The Delhi High Court on Thursday dismissed a request from a Bangkok-based investor to stop the Burman family’s open offer to acquire 26% of shares in Religare Enterprises Ltd from public shareholders. The court noted that since the Securities and Exchange Board of India (Sebi) had rejected Digvijay Danny Gaekwad’s higher counteroffer, there were no competing bids against the current open offer. Earlier this week, Sapna Govind Rao, claiming to own 500 shares in Religare, appealed to the high court, arguing that public investors should have the opportunity to consider Gaekwad’s revised offer of ₹275 per share.

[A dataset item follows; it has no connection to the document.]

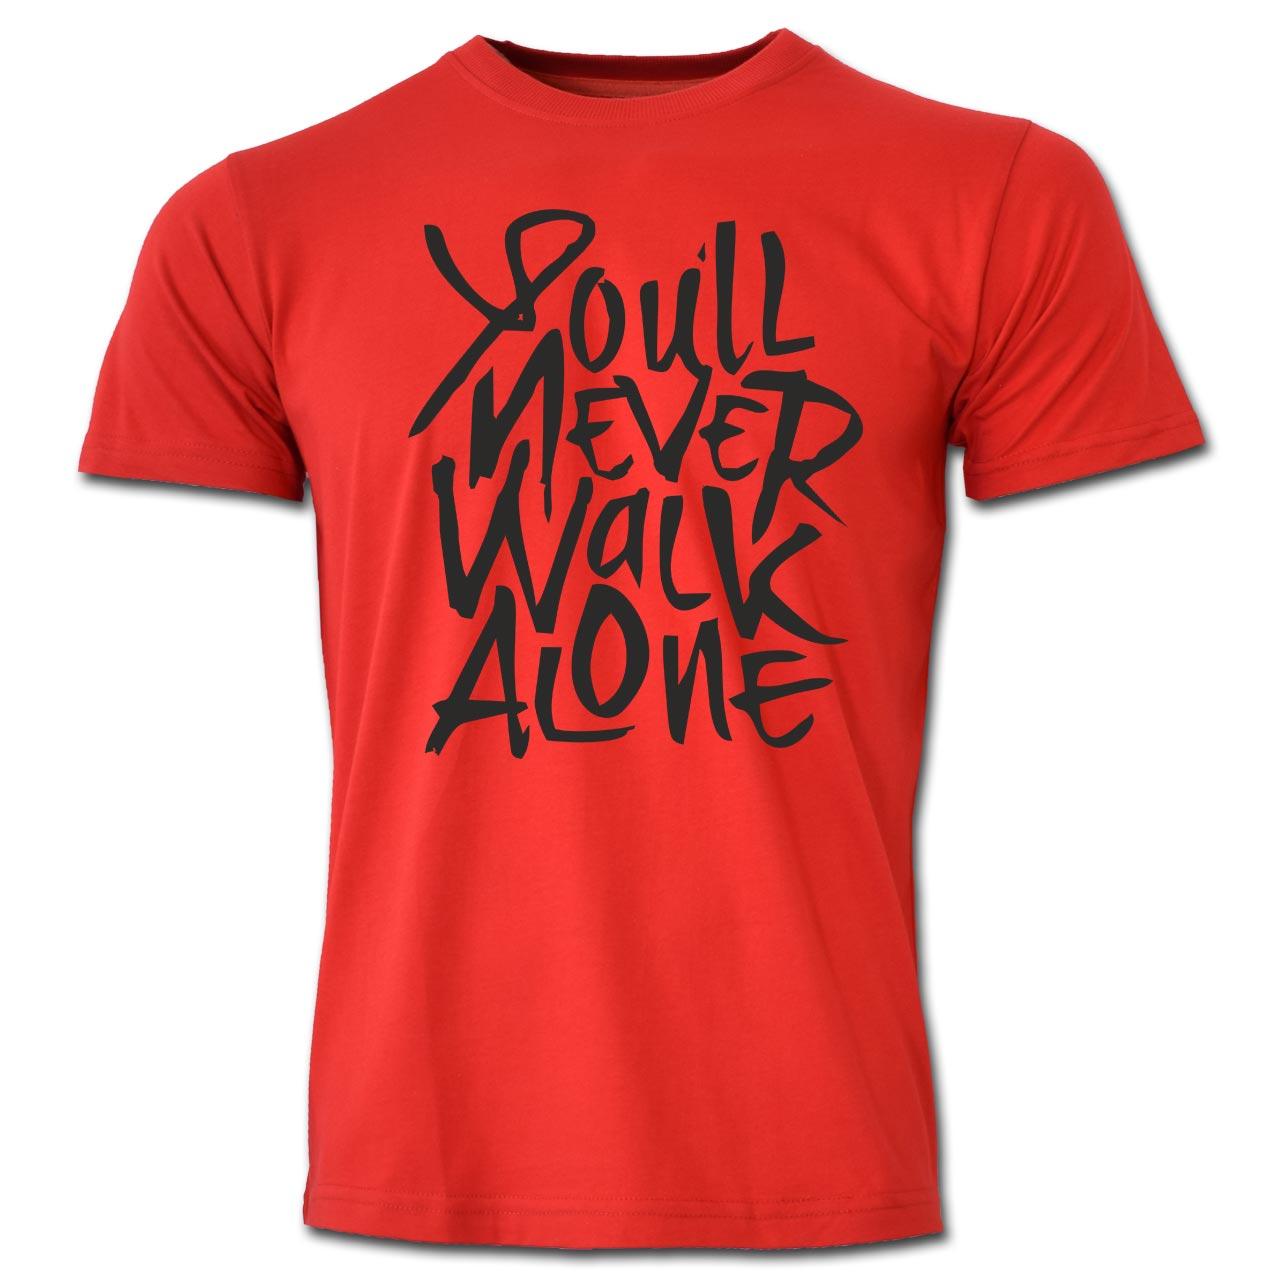 تی شرت مردانه طرح لیورپول کد 11A2

Gaekwad, a US businessman of Indian origin, initially proposed to purchase up to 26% of shares on Friday but later increased his offer to acquire up to 55% for ₹5,000 crore. This offer was made less than 72 hours before shareholders were set to submit their shares on Monday at ₹235 each to four privately owned entities linked to Mohit Burman, chairman of Dabur. Sebi returned Gaekwad’s offer for the time being, citing non-compliance with the regulator’s exemption application rules under the country’s takeover regulations.

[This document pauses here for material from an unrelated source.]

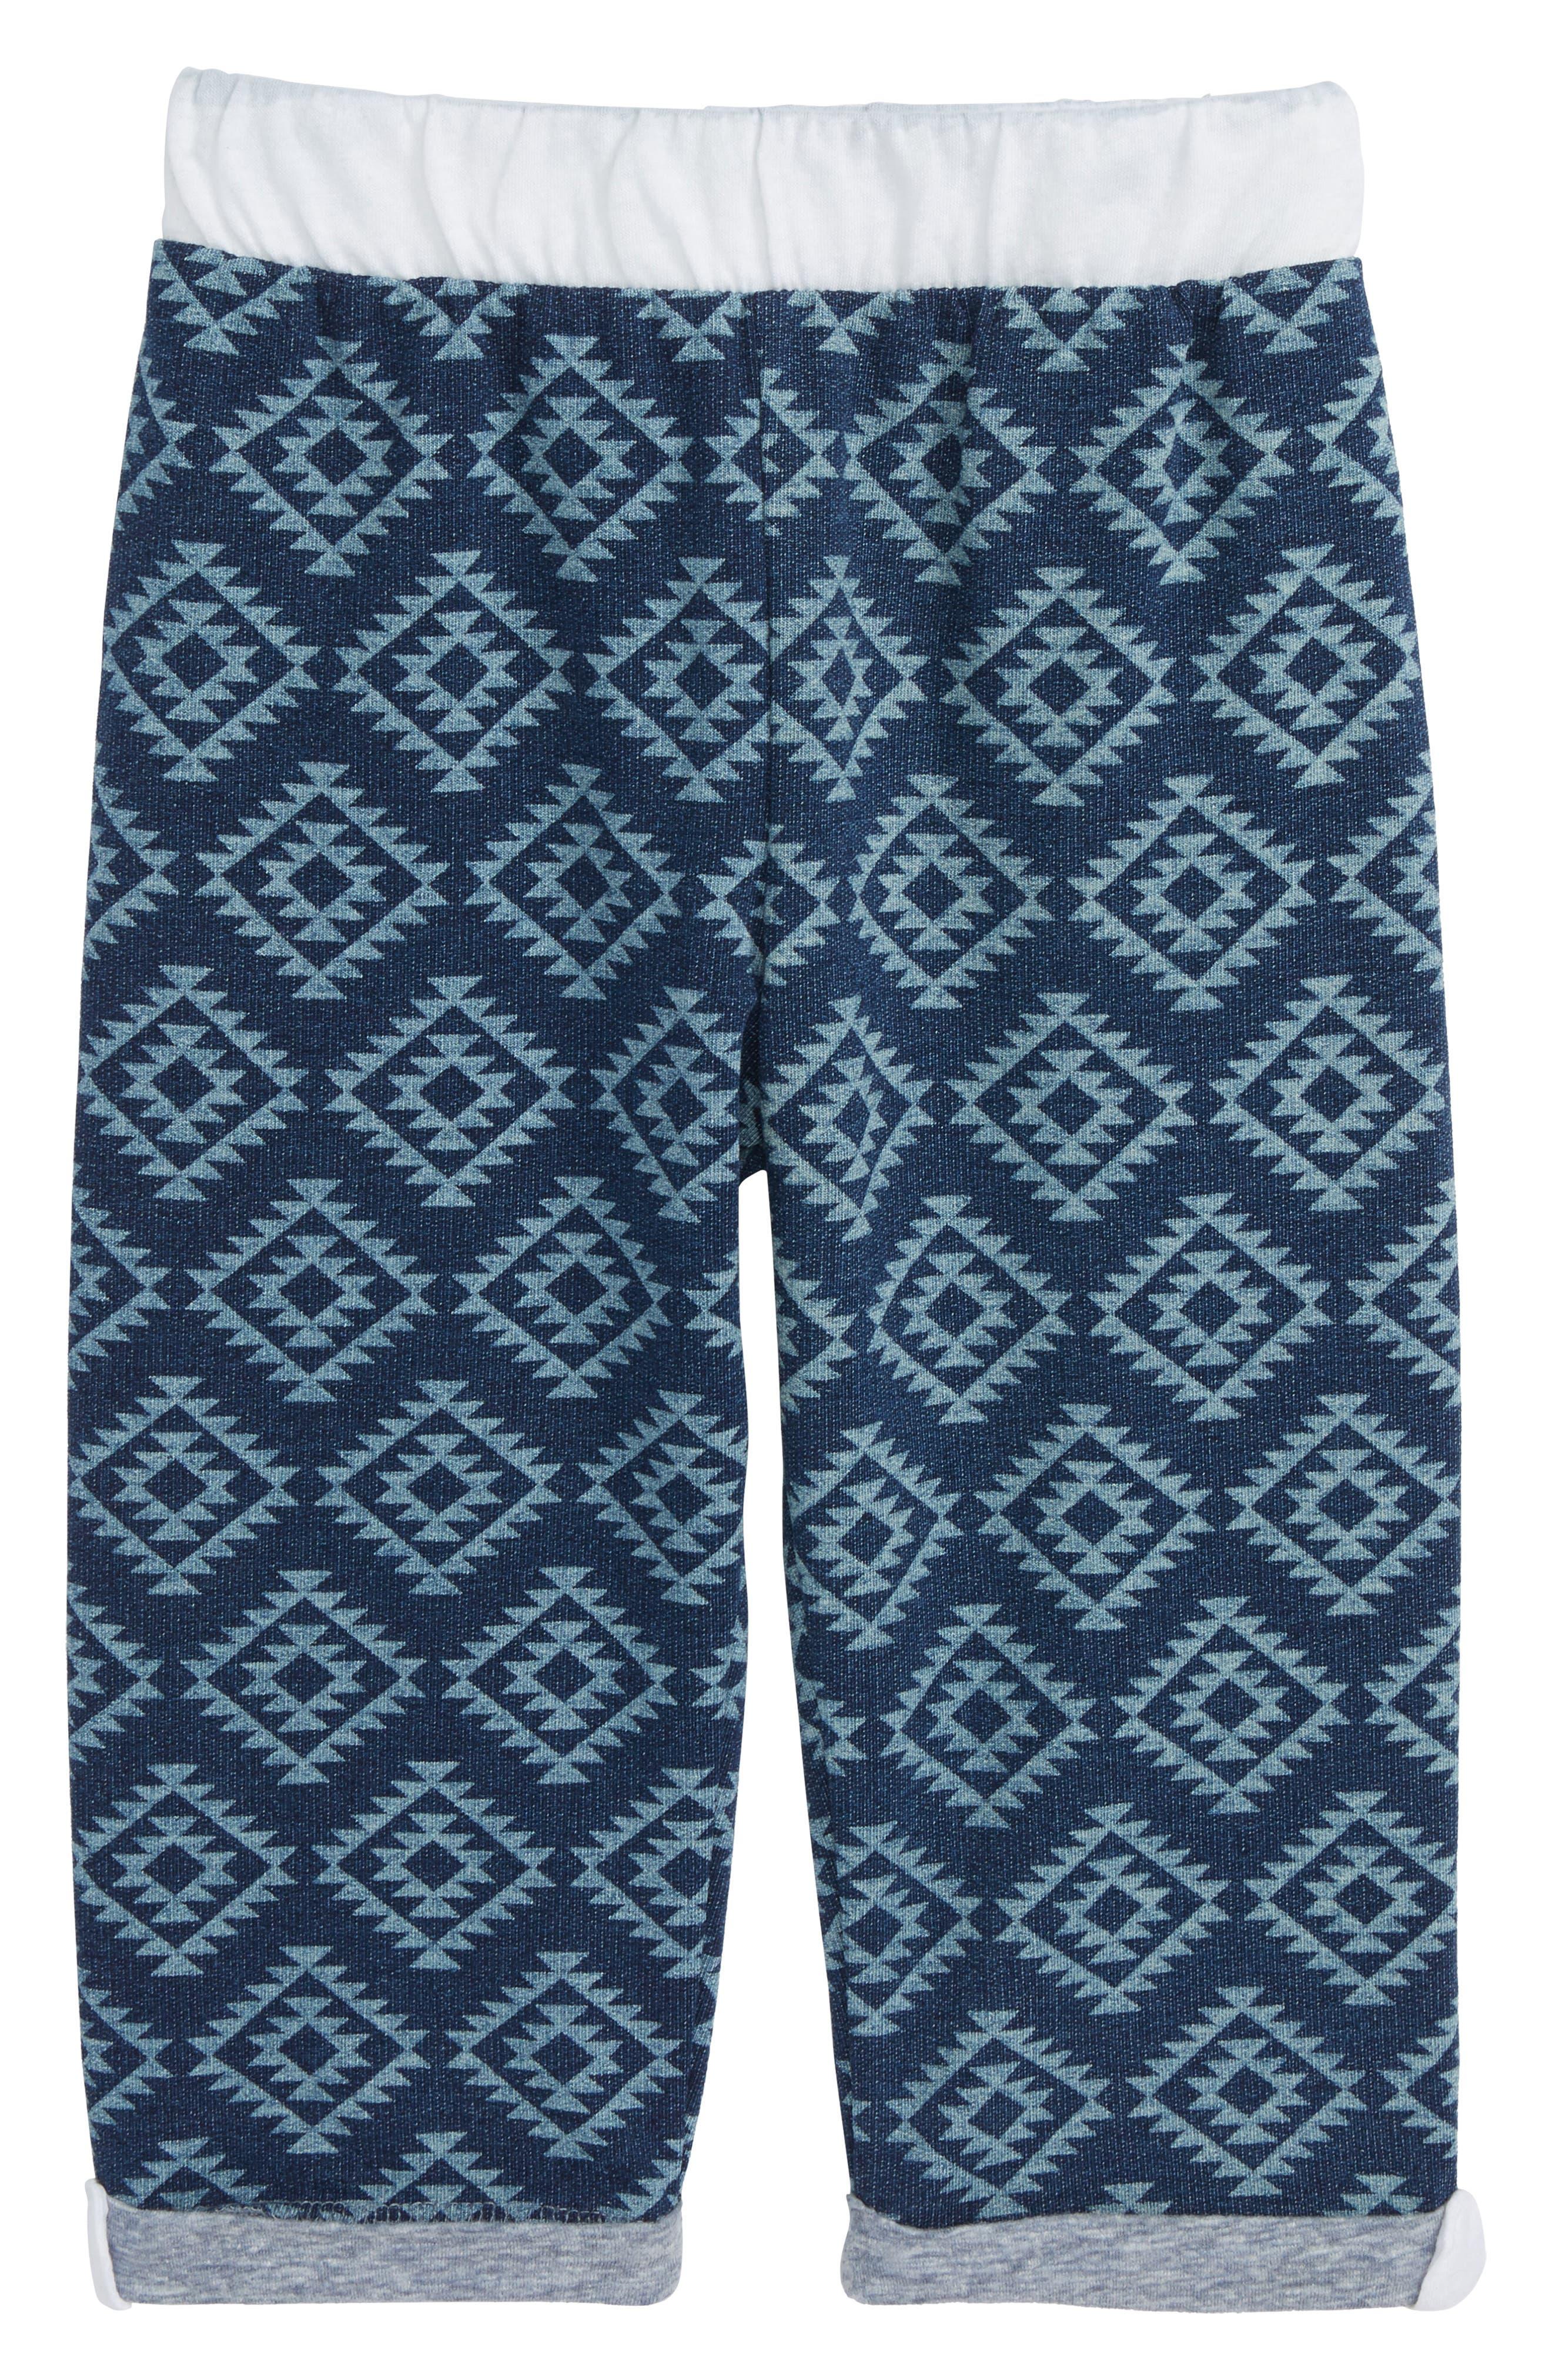 Brody Print Knit Shorts,                             Main thumbnail 1, color,                             Yuma

The competition for Religare has taken several dramatic turns since the Burman family announced their intention to acquire the company, which controls India’s second-largest private health insurance firm, Care Health Insurance Ltd, along with other broking and non-banking subsidiaries. The Burman family first expressed interest in obtaining a controlling stake in Religare in September 2023 and has been advocating for the removal of Religare chairperson Rashmi Saluja.

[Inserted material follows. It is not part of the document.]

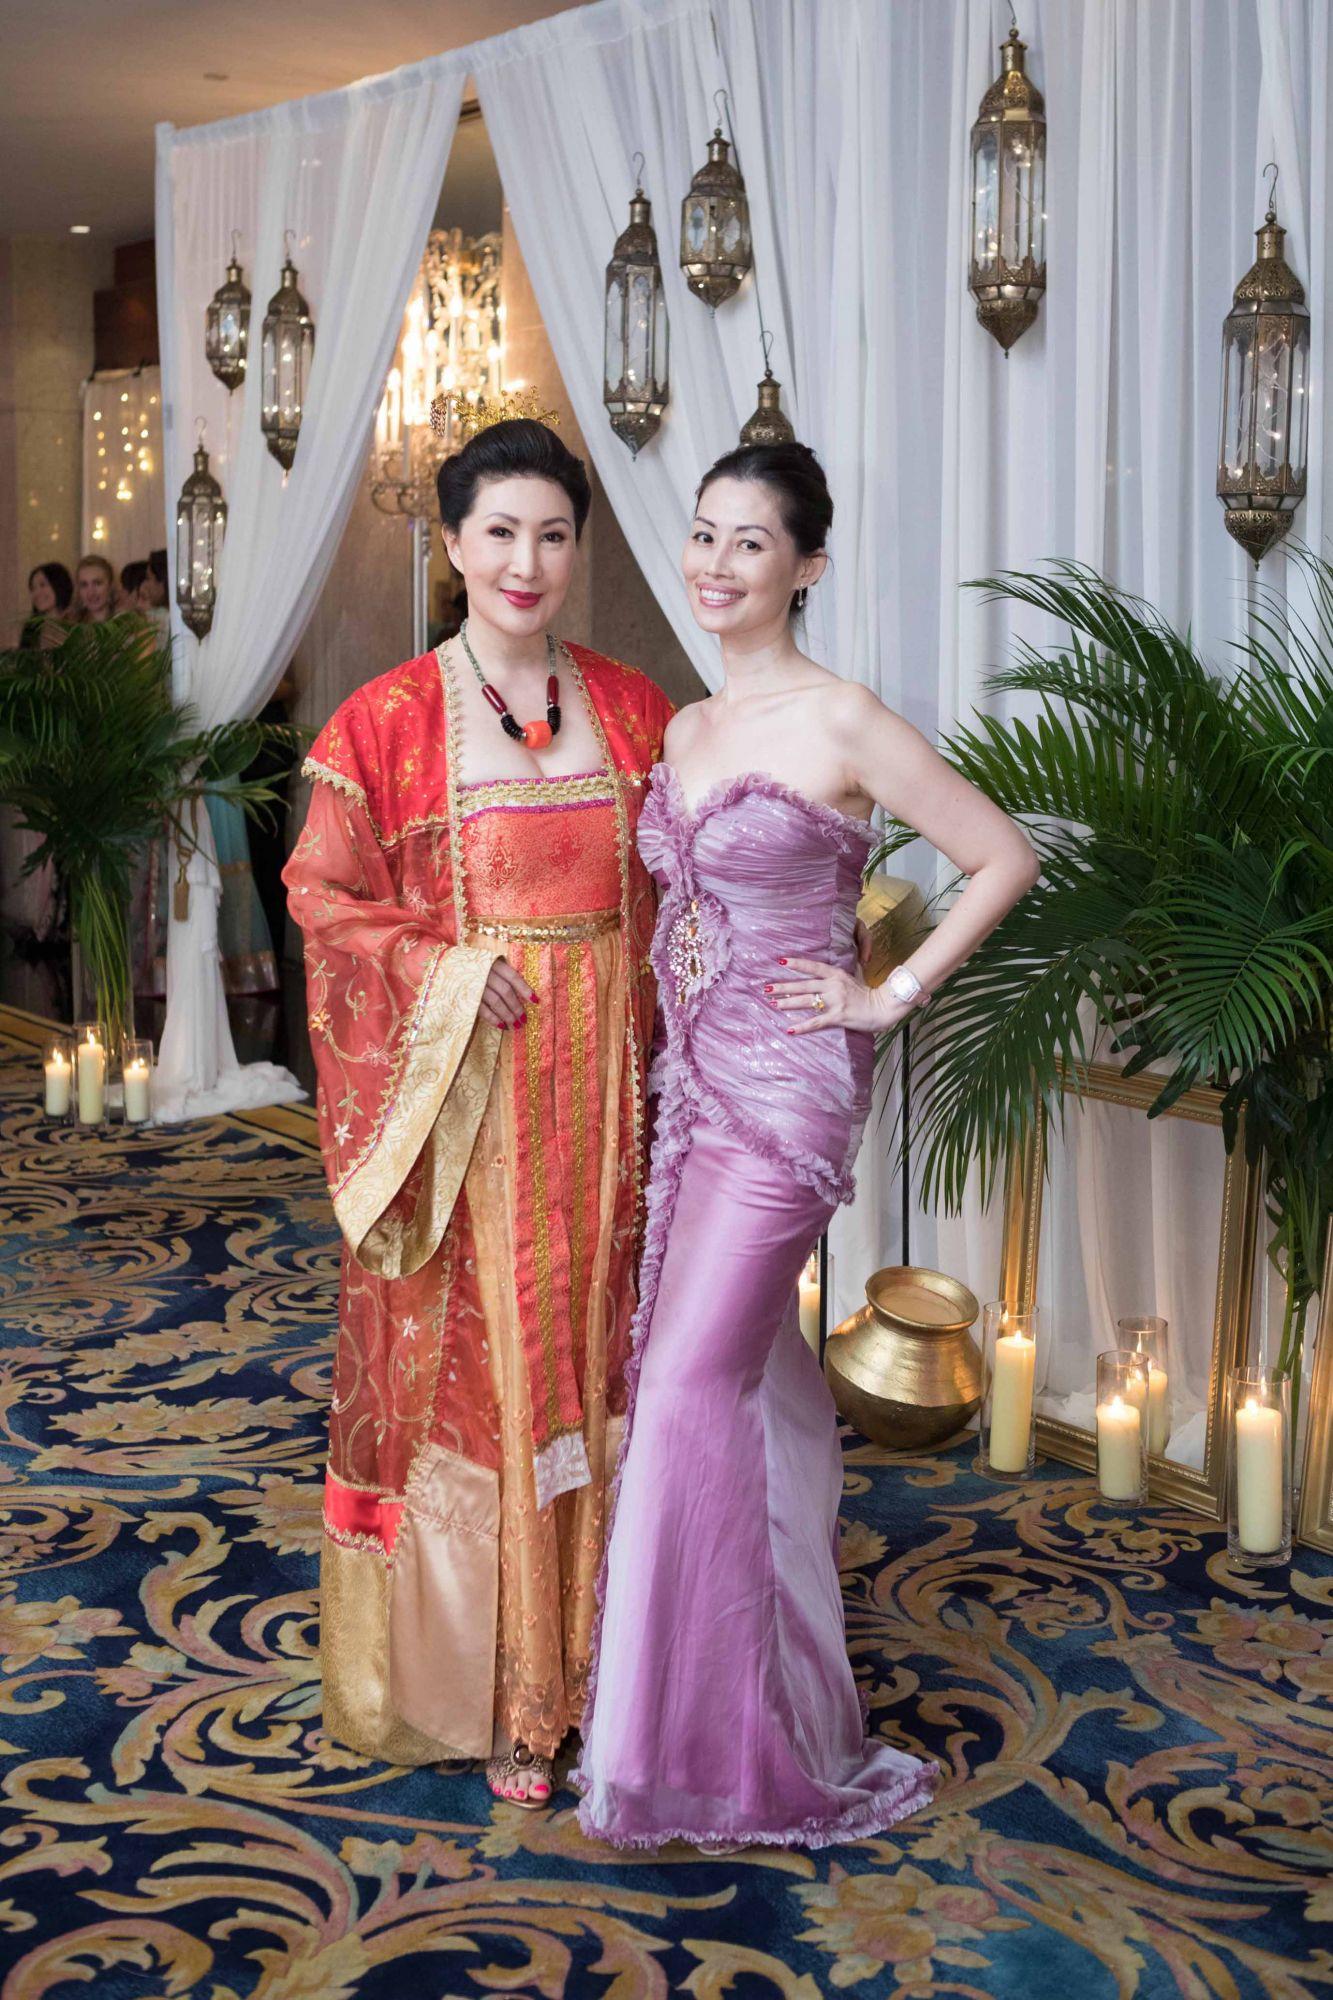 Chiang Yu Lan, Serene Tan

Saluja has expressed her concerns regarding the Burman family’s open offer price, resulting in a six-month delay of the company’s annual general meeting. In December, an investor from Madhya Pradesh sought a court’s intervention for a stay order on the shareholder meeting, but the court ultimately dismissed the appeal, and Religare’s annual general meeting is now scheduled for February 7. This situation continues to evolve.